I don't think this is what Yudkowsky is saying at all in the post. Actually, I think he is saying the exact opposite: that 2.5 years estimate is too fast as an estimate that is supposed to always work. If I understand correctly, his point is that you have significantly less than that most of the time, except during the initial growth after paradigms shifts where you're pushing as much compute as you can on your new paradigm. (That being said, Yudkowsky seems to agree with you that this should make us directionally update towards AGI arriving in less time)

My interpretation seems backed by this quote (and the fact that he's presenting these points as if they're clearly wrong):

Eliezer:  Backtesting this viewpoint on the previous history of computer science, it seems to me to assert that it should be possible to:

  • Train a pre-Transformer RNN/CNN-based model, not using any other techniques invented after 2017, to GPT-2 levels of performance, using only around 2x as much compute as GPT-2;
  • Play pro-level Go using 8-16 times as much computing power as AlphaGo, but only 2006 levels of technology.


Your model apparently suggests that we have gotten around 50 times more efficient at turning computation into intelligence since that time; so, we should be able to replicate any modern feat of deep learning performed in 2021, using techniques from before deep learning and around fifty times as much computing power.

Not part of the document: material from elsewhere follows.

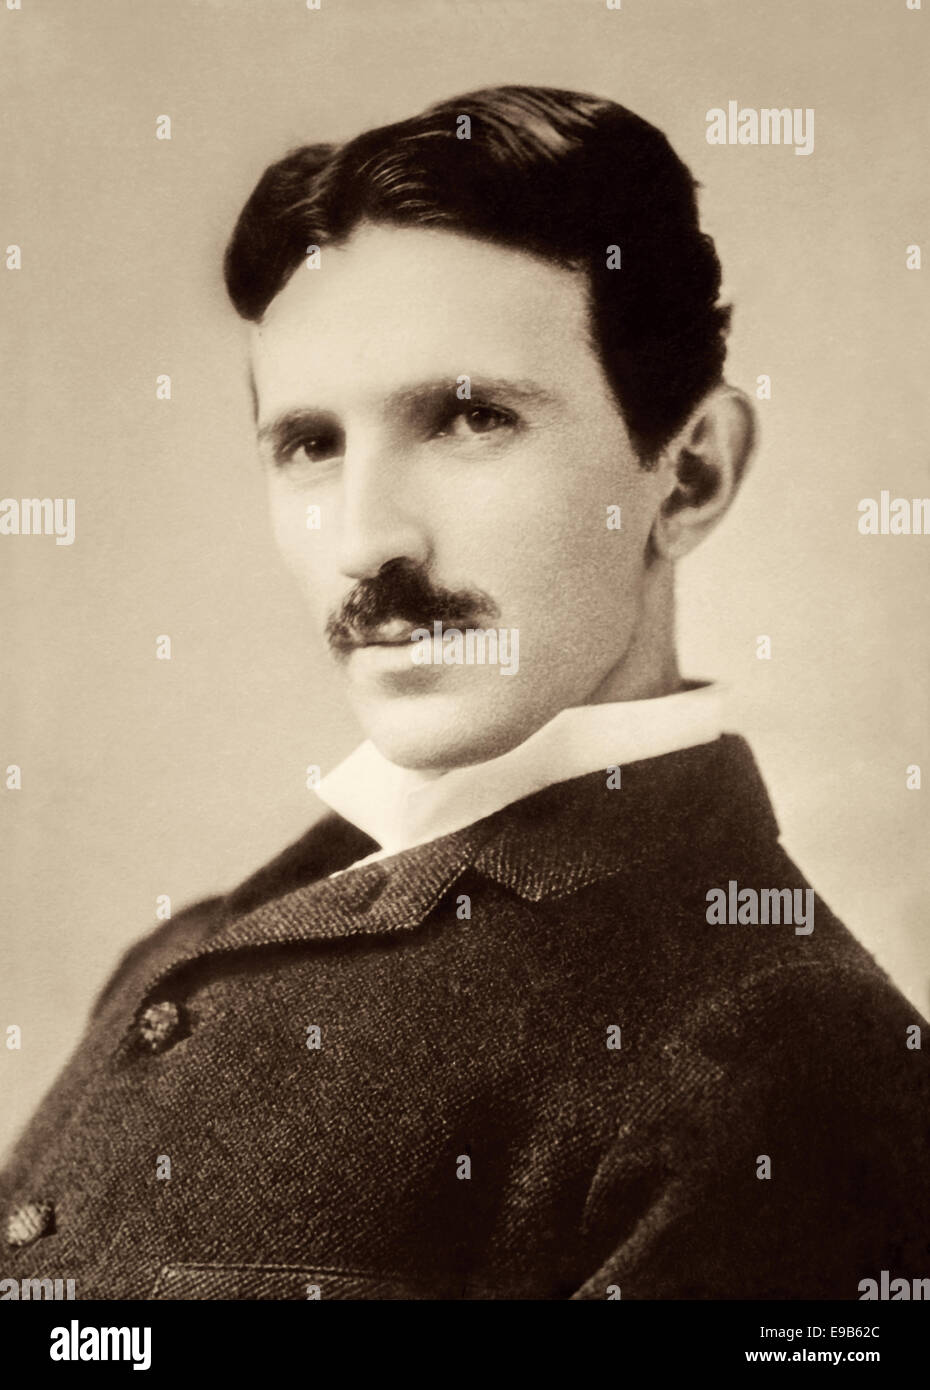 1890 Portrait de Nikola Tesla (l'âge de 34 ans), le serbe l'inventeur américain, ingénieur électricien, ingénieur mécanicien, et futuriste. Banque D'Images
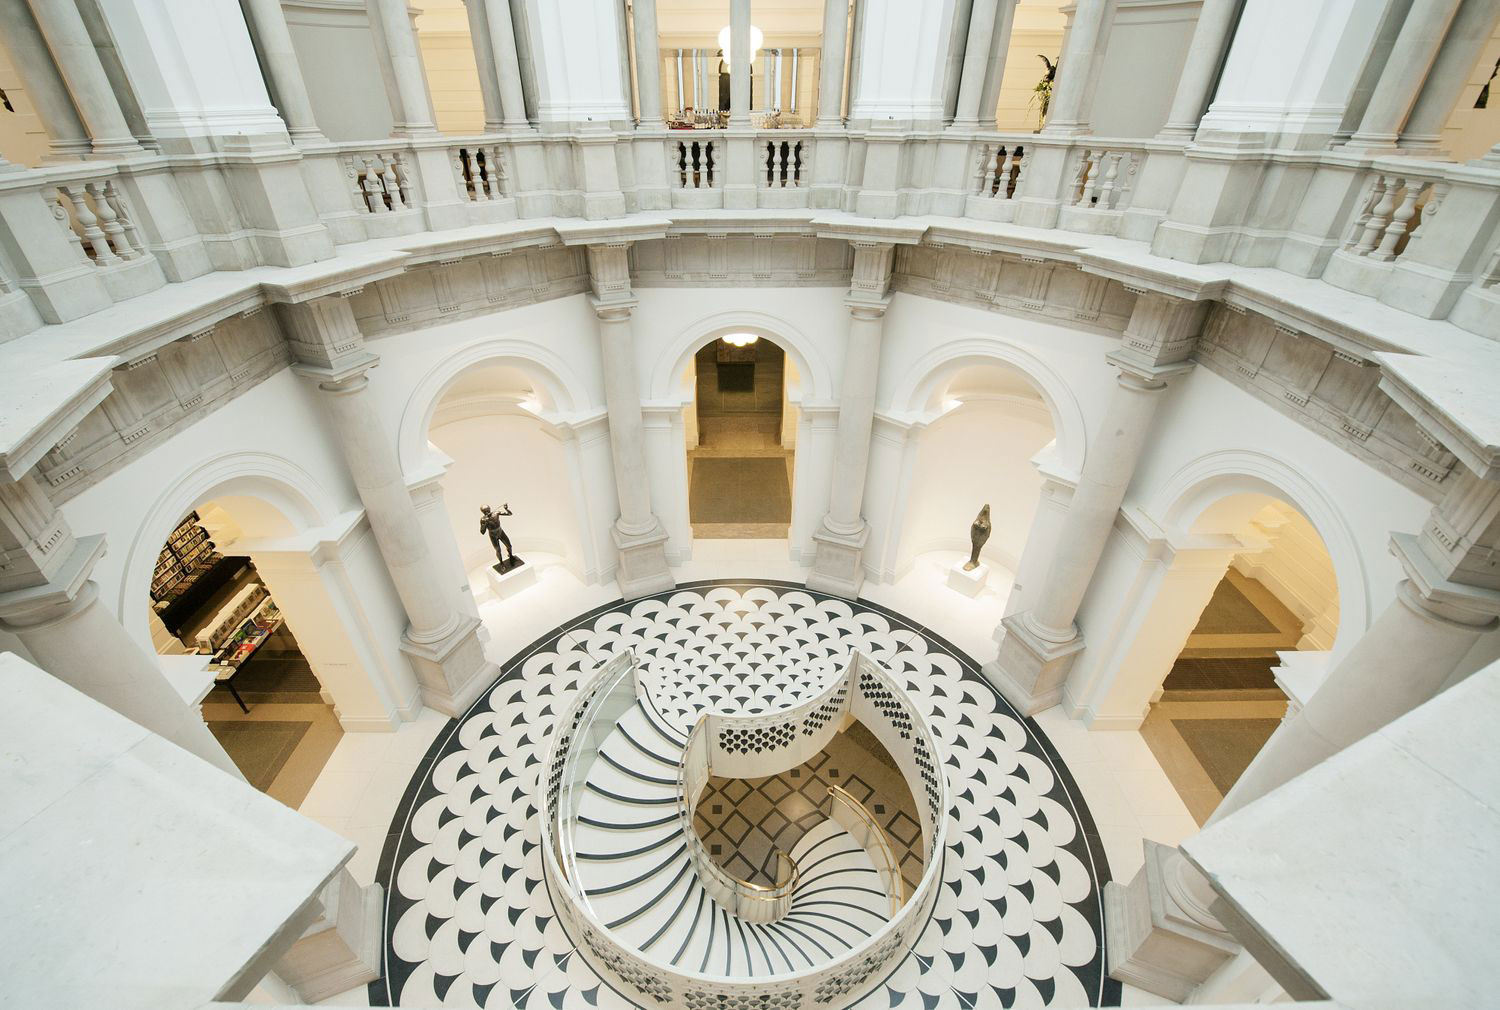 bao tang london tate britain getty images - 15 bảo tàng nổi tiếng bạn nên ghé thăm khi đến London

This seems true but changing the subject. Insofar as the subject is "what should our probability distribution over date-of-AGI-creation look like" then Ajeya's framework (broadly construed) is the right way to think about it IMO. Separately, we should worry that this will never let us predict with confidence that it is happening in X years, and thus we should be trying to have a general policy that lets us react quickly to e.g. two years of warning.

I don't understand how Yudkowsky can be changing the subject when his subject has never been about "probability distribution over date-of-AGI-creation"? His point IMO is that this is a bad question to ask, not because you wouldn't want the true answer if you could magically get it, but because we don't have and won't have even close to the amount of evidence needed to do this non-trivially until 2 years before AGI (and maybe not even then, because you need to know the Thielian secrets). As such, to reach an answer that fit that type, you must contort the evidence and extract more bits of information that the analogies actually contain, which means that this is a recipe for saying nonsense.

(Note that I'm not arguing Yudkowsky is right, just that I think this is his point, and that your comment is missing it — might be wrong about all of those ^^)

I think OpenPhil is totally right here. My own stance is that the 2050-centered distribution is a directional overestimate because e.g. the long-horizon anchor is a soft upper bound (in fact I think the medium-horizon anchor is a soft upper bound too, see Fun with +12 OOMs.)

Here too this sounds like missing Yudkowsky's point, which is made in the paragraph just after your original quote:

Eliezer:  Mmm... there's some justice to that, now that I've come to write out this part of the dialogue.  Okay, let me revise my earlier stated opinion:  I think that your biological estimate is a trick that never works and, on its own terms, would tell us very little about AGI arrival times at all.  Separately, I think from my own model that your timeline distributions happen to be too long.

My interpretation is that he's saying that:

  • The model, and the whole approach, is a fundamentally bad and misguided way of thinking about these questions, which falls in the many ways he's arguing for before in the dialogue
  • If he stops talking about whether the model is bad, and just looks at its output, then he thinks that's an overestimate compared to the output of his own model.